SmolLM3: smol, multilingual, long-context reasoner
read at source ↗ huggingface.co
SmolLM3: smol, multilingual, long-context reasoner
Source: HuggingFace Date: 2025-07-08 URL: https://huggingface.co/blog/smollm3
Summary
Model release from HF: SmolLM3-3B, a multilingual long-context (128K) reasoner trained on 11.2T tokens on 384 H100s for 24 days. Outperforms Llama-3.2-3B and Qwen2.5-3B; competitive with 4B models. Dual-mode: /think and /no_think system prompts. Reasoning enabled: AIME 2025 36.7% (vs 9.3% base), LiveCodeBench 30.0% (vs 15.2%). Supports 6 European languages, XML + Python tool calling. Full training recipe, datasets, and W&B logs released.
Implications
Thread: open-weights ecosystem health / transformers library trajectory.
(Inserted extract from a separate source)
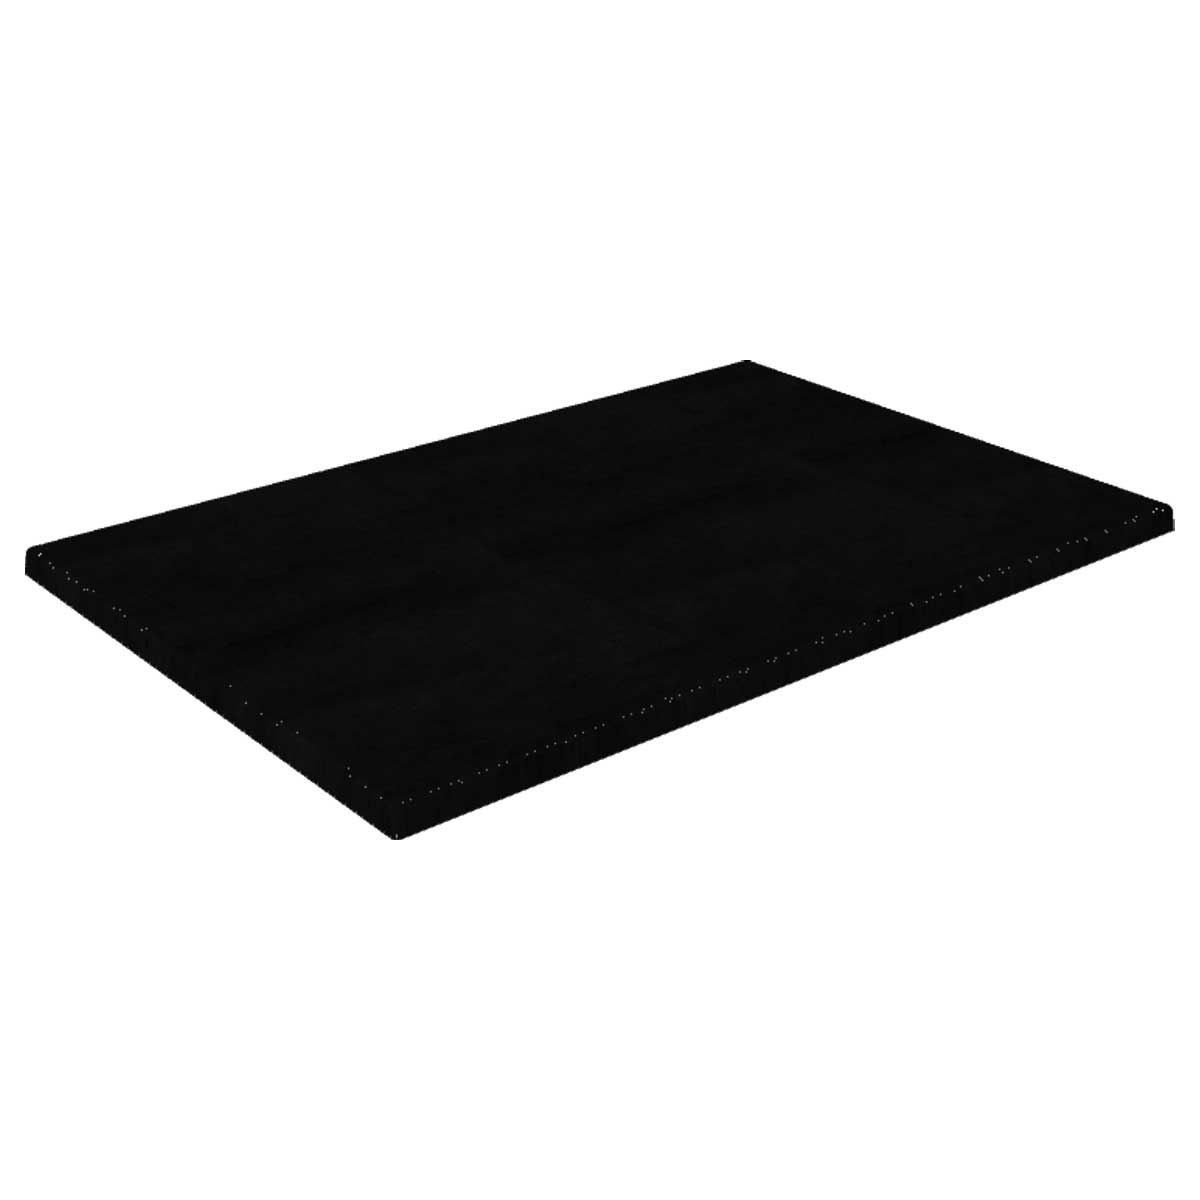 TICLA E120X80 055 - https://www.werzalit.com/fr/produit/plateau-de-table-classic-werzalit-e-70x60-055-schwarz/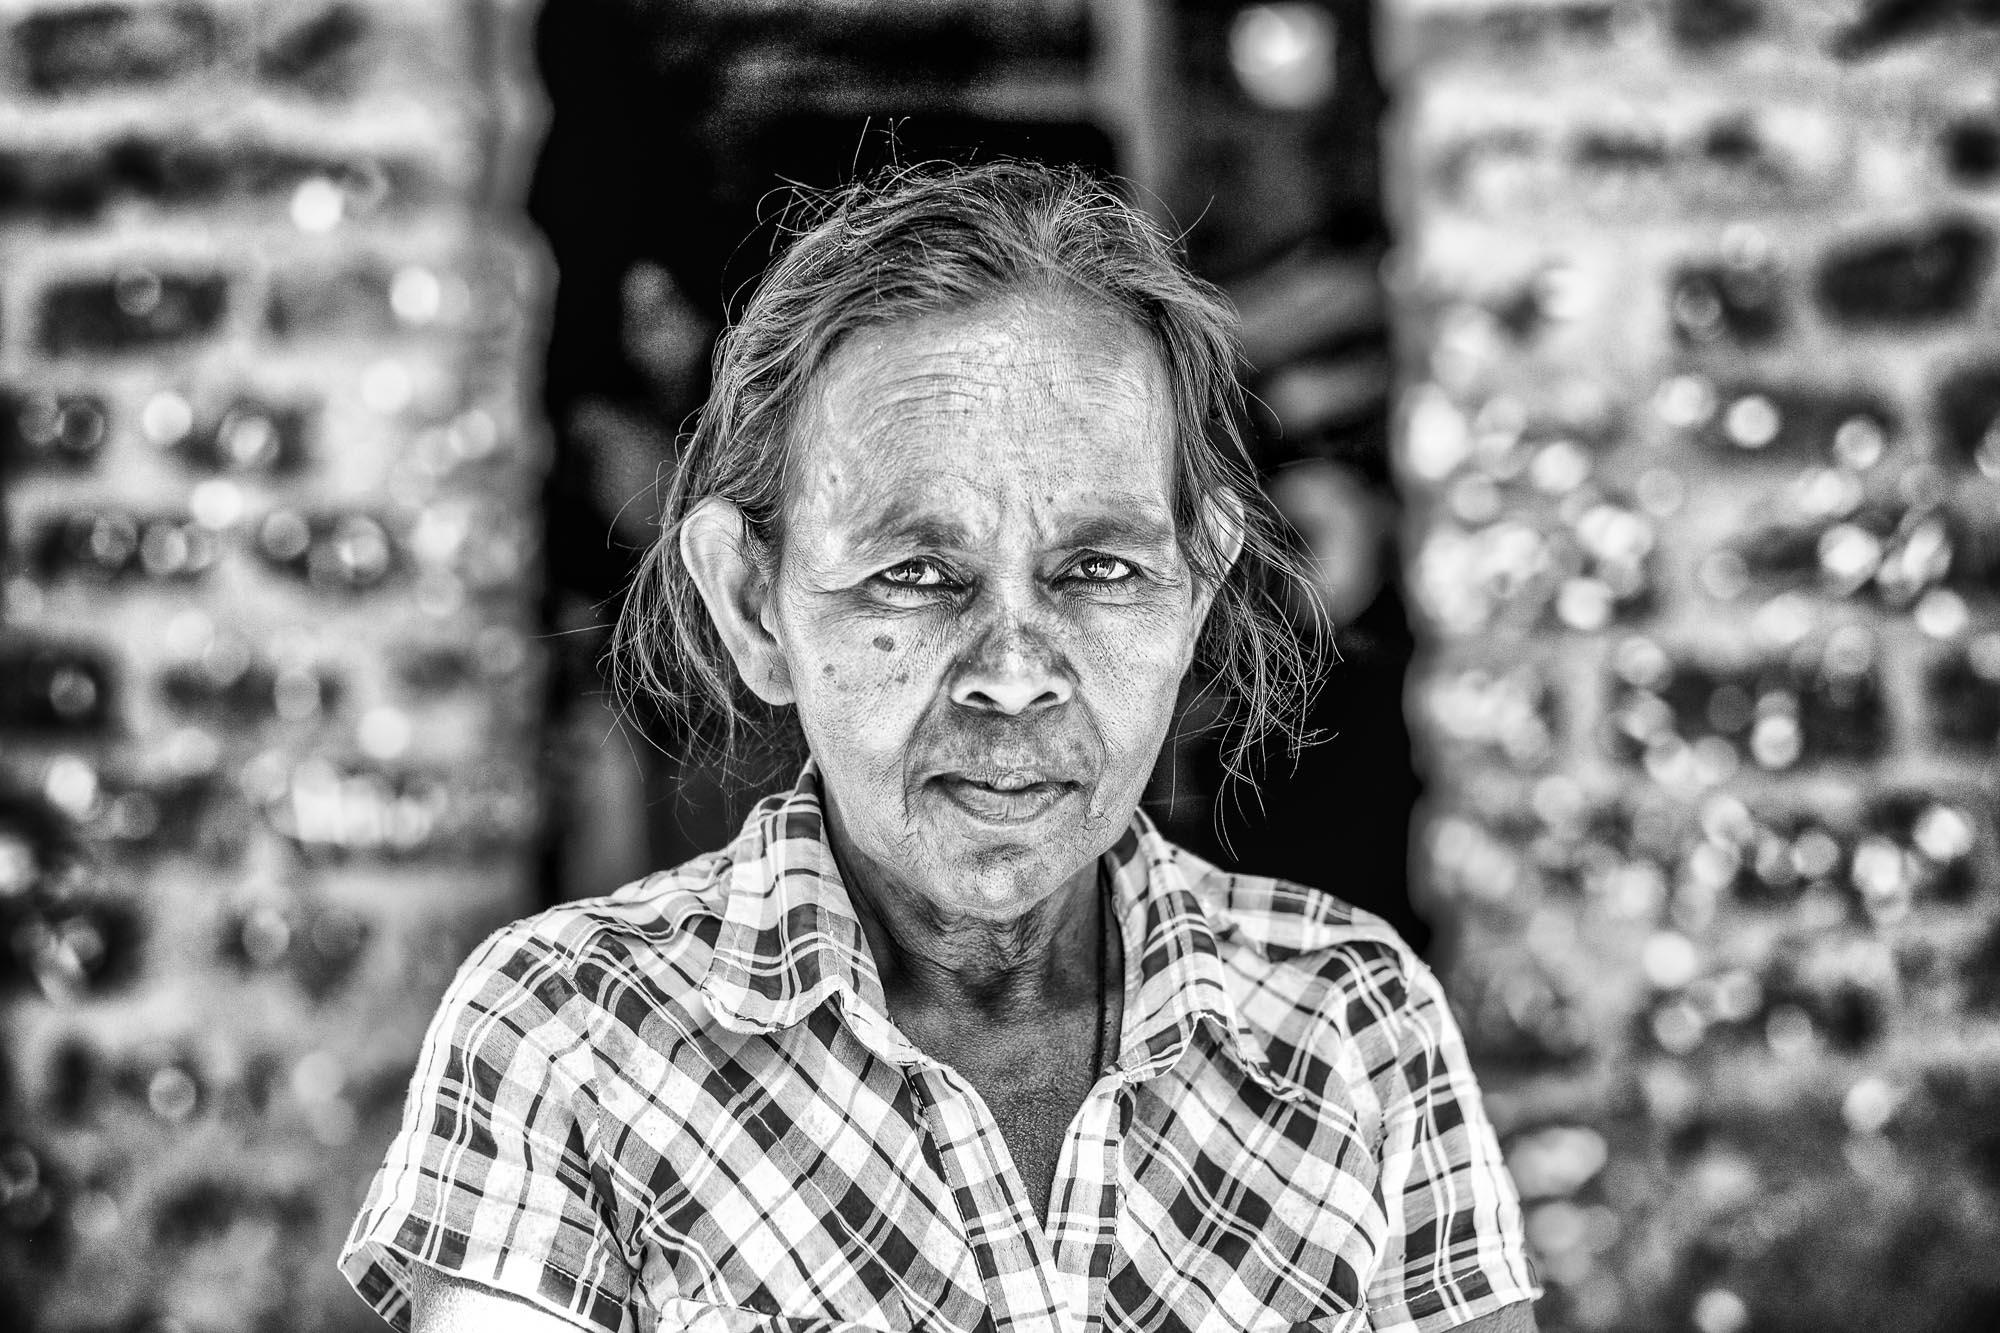 Vadda sri lanka indingenous group people photography - veddas women photograph portrait

SmolLM3 is the most fully open model release in this batch: not just weights but the complete engineering blueprint — exact data mixtures, ablation results, synthetic data generation, all training configs. At 3B parameters with 128K context and dual-mode reasoning, it’s positioned as the practical small model for on-device or low-cost agentic deployment. The /think flag as a system prompt token (vs separate model) is elegant: single model, configurable reasoning depth. Watch whether the training recipe gets reproduced by the community to validate the data mixture claims.